- Active: 1861-1865
- Country: Confederate States of America
- Branch: Confederate States Army Forrest's Cavalry Corps
- Type: Cavalry
- Size: Regiment
- Battles: American Civil War Battle of Wilson's Creek; Battle of Pea Ridge; First Battle of Lexington; Battle of Iuka; Siege of Corinth; Battle of Booneville; Battle of Britton's Lane; Holly Springs Raid; Yazoo Pass Expedition; Second Battle of Collierville; Battle of Okolona; Battle of Fort Pillow; Battle of Tupelo; Second Battle of Memphis; Battle of Selma;

Commanders
- Notable commanders: Robert "Black Bob" McCulloch

= 2nd Missouri Cavalry Regiment (Confederate) =

19th Century Confederate military unit

The 2nd Missouri Cavalry Regiment was a unit of the Confederate States Army from Missouri. Formed in 1861 as part of the Missouri State Guard, the 2nd Missouri Cavalry fought in its home state before transferring across the Mississippi River in 1862 to join Confederate forces in the western theater. Under Confederate cavalry generals Frank Armstrong, Earl Van Dorn, and Nathan Bedford Forrest, the 2nd Missouri fought in many battles in Mississippi, Tennessee and Alabama before surrendering in May 1865.

==History==
The 2nd Missouri Cavalry was originally formed as a unit of the Missouri State Guard, organized in the fall of 1861 by Robert "Black Bob" McCulloch. Upon being mustered into Confederate service, the unit was enlarged and designated as the 4th Missouri Cavalry Battalion. In its home state, the 4th Missouri Battalion fought at Wilson's Creek, Pea Ridge, and Lexington. After these 1861 battles, the battalion moved across the Mississippi river and remained in the western theater for the remainder of the war. The battalion was upgraded to a regiment and redesignated as the 2nd Missouri Cavalry Regiment at Memphis in 1862.

The 2nd Missouri, under General Frank Armstrong, fought in Mississippi and Tennessee throughout 1862 at Iuka, the Siege of Corinth, Booneville, Courtland, Bolivar, Meddon, and Britton's Lane. In late 1862 the regiment was assigned to the command of General Earl Van Dorn, and fought in the Holly Springs Raid. The regiment then took part in the Yazoo Pass Expedition, Battle of Collierville, and a skirmish at Moscow, Tennessee. Most of these offensive cavalry operations in Mississippi and Tennessee were aimed at disrupting Union supply lines as Federal troops advanced through Mississippi.
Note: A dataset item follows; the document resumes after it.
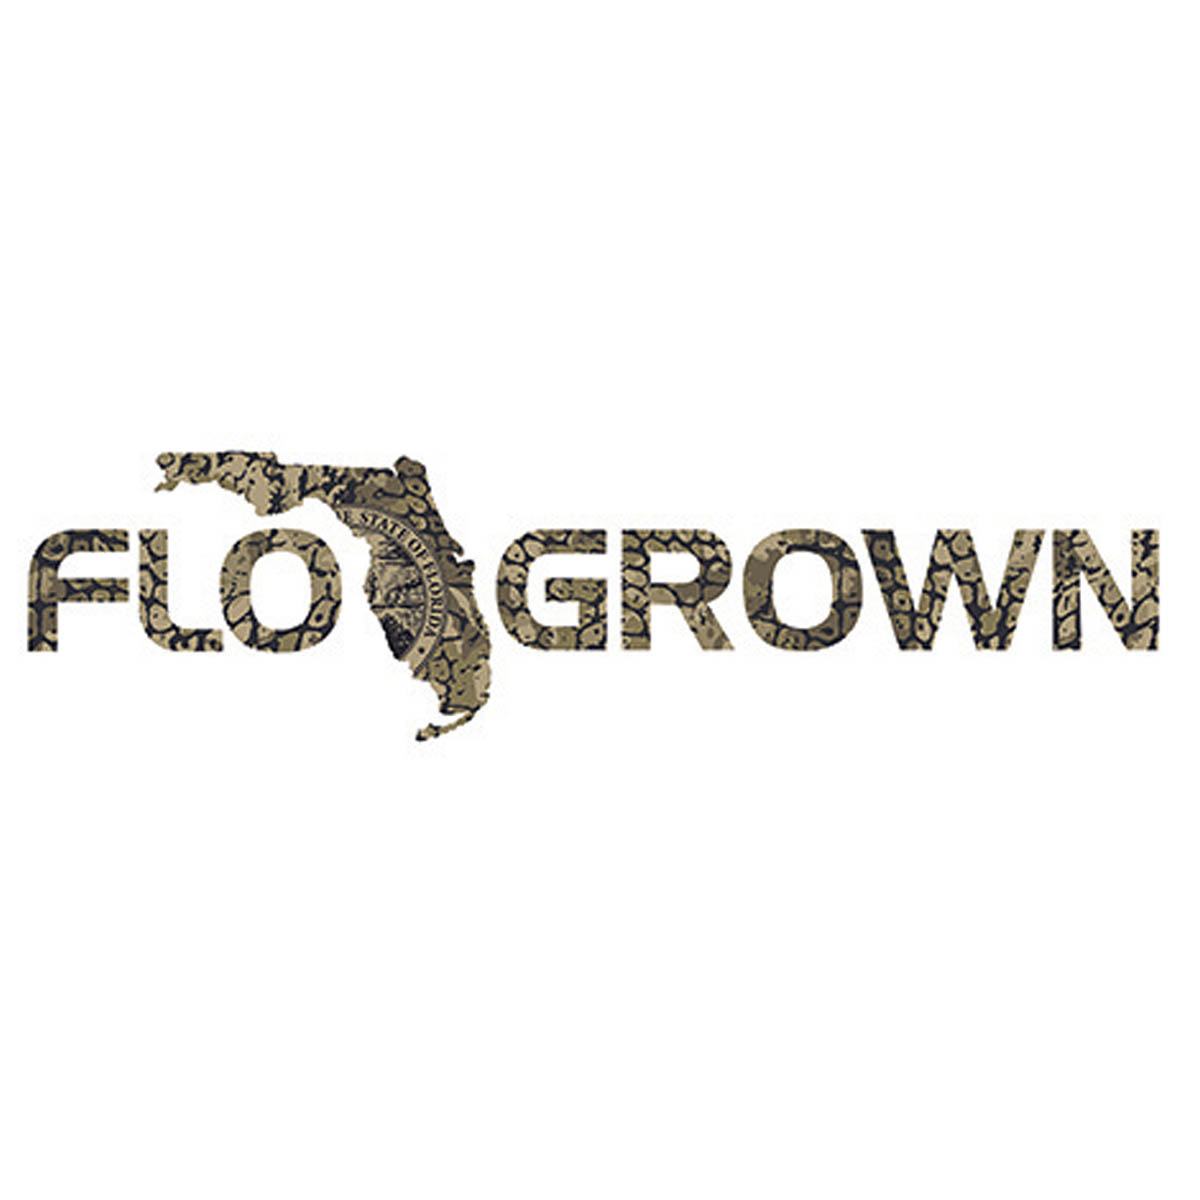 Flo Grown FloGrown Gator Skin Decal

In February 1863, the 2nd Missouri joined Forrest's Cavalry Corps and Colonel Robert "Black Bob" McCulloch was given command of a brigade. Leadership of the 2nd Missouri then passed to McCulloch's cousin who bore the same name, known as "Red Bob" to distinguish the two men. Under Forrest, the 2nd Missouri fought at Battle of Okolona, and played a major role in the assault at the Battle of Fort Pillow, where surrendering Black Union soldiers were summarily executed by Forrest's Cavalry. The regiment also took part in the July 1864 Battle of Tupelo, where Black Bob was wounded in the shoulder, and Memphis Raid of August 1864 where Red Bob was wounded.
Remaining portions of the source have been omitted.